## Records
*-*-*

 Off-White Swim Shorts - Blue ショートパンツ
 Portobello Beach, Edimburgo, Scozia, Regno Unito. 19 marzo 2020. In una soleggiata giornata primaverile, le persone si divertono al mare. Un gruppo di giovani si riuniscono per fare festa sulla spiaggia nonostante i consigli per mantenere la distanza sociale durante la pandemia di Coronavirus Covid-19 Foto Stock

*-*-*

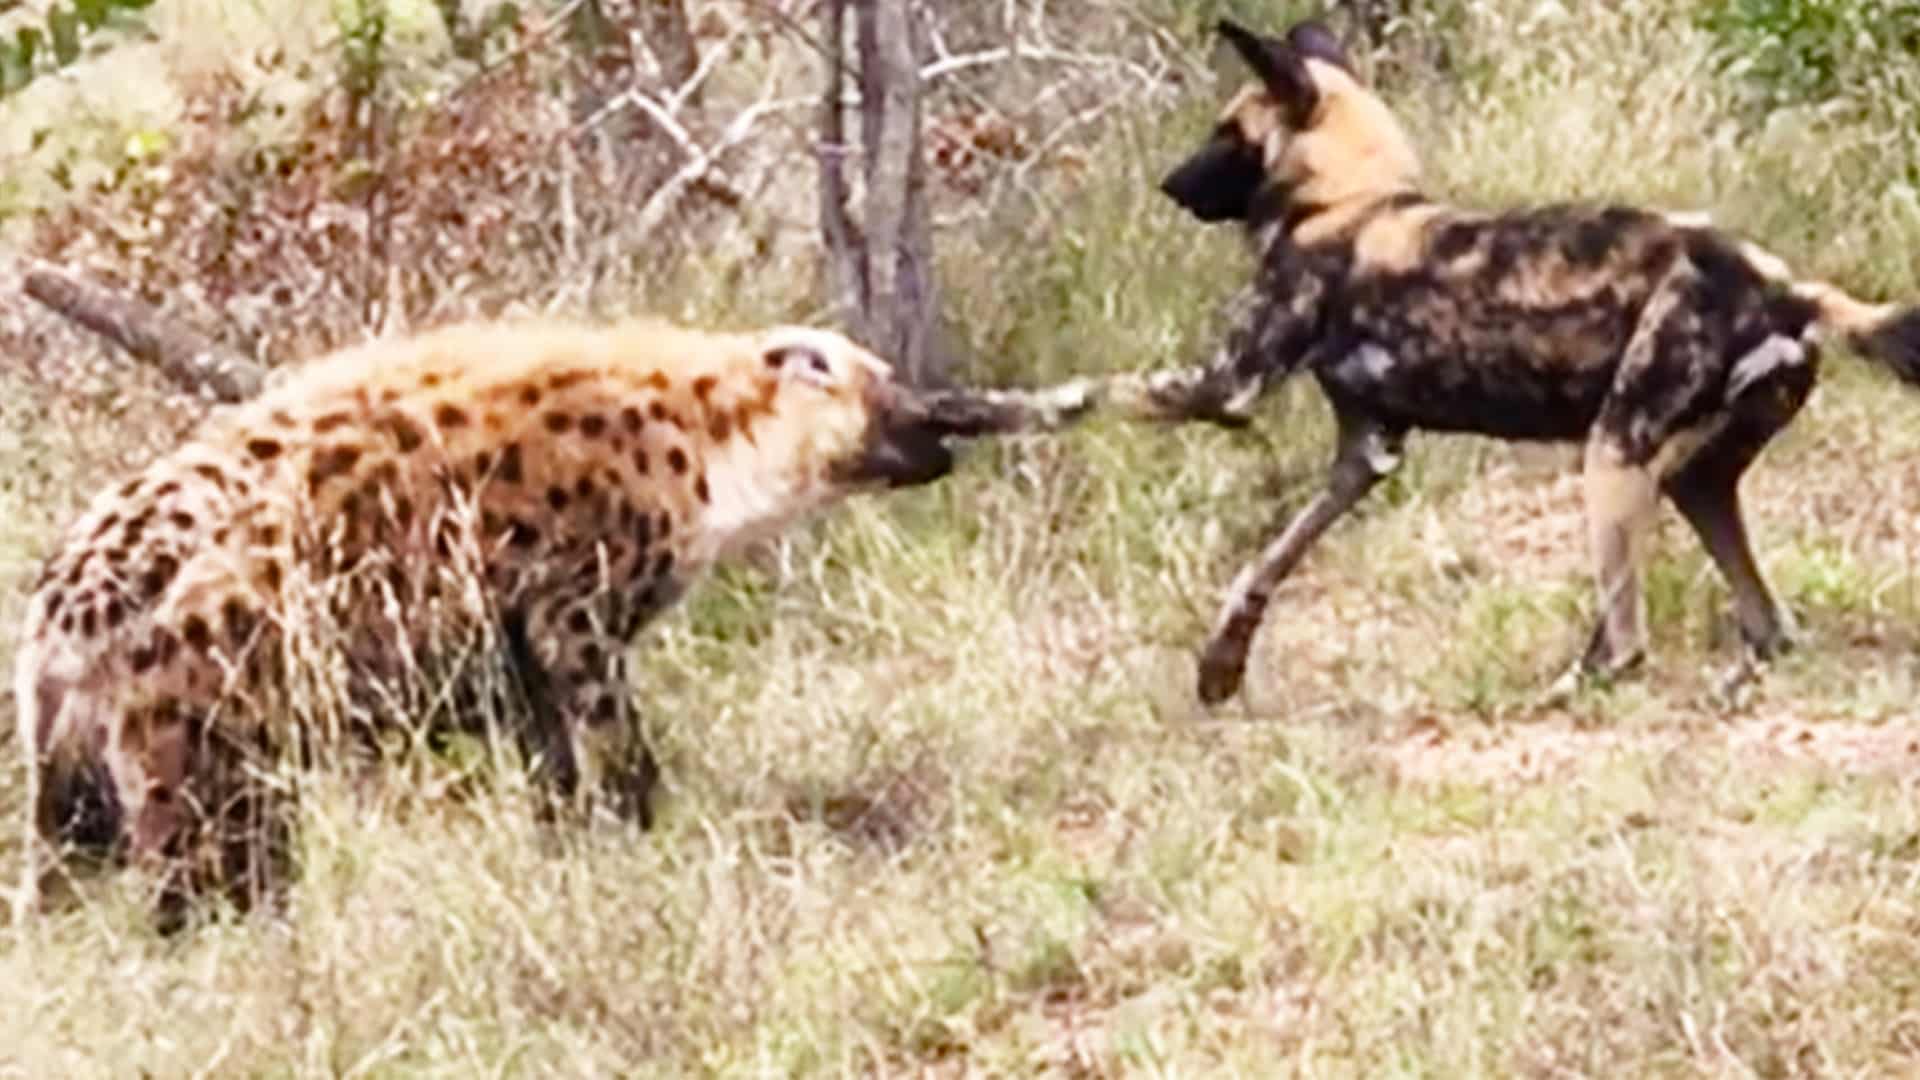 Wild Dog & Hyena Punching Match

*-*-*

## Exercise details
Taking the entries above, write out exactly the lines starting with the line containing "Off-White Swim Shorts - Blue ショートパンツ" and going on through the line containing "Portobello Beach, Edimburgo, Scozia, Regno", both included, and nothing else.

## Result for this task
 Off-White Swim Shorts - Blue ショートパンツ
 Portobello Beach, Edimburgo, Scozia, Regno Unito. 19 marzo 2020. In una soleggiata giornata primaverile, le persone si divertono al mare. Un gruppo di giovani si riuniscono per fare festa sulla spiaggia nonostante i consigli per mantenere la distanza sociale durante la pandemia di Coronavirus Covid-19 Foto Stock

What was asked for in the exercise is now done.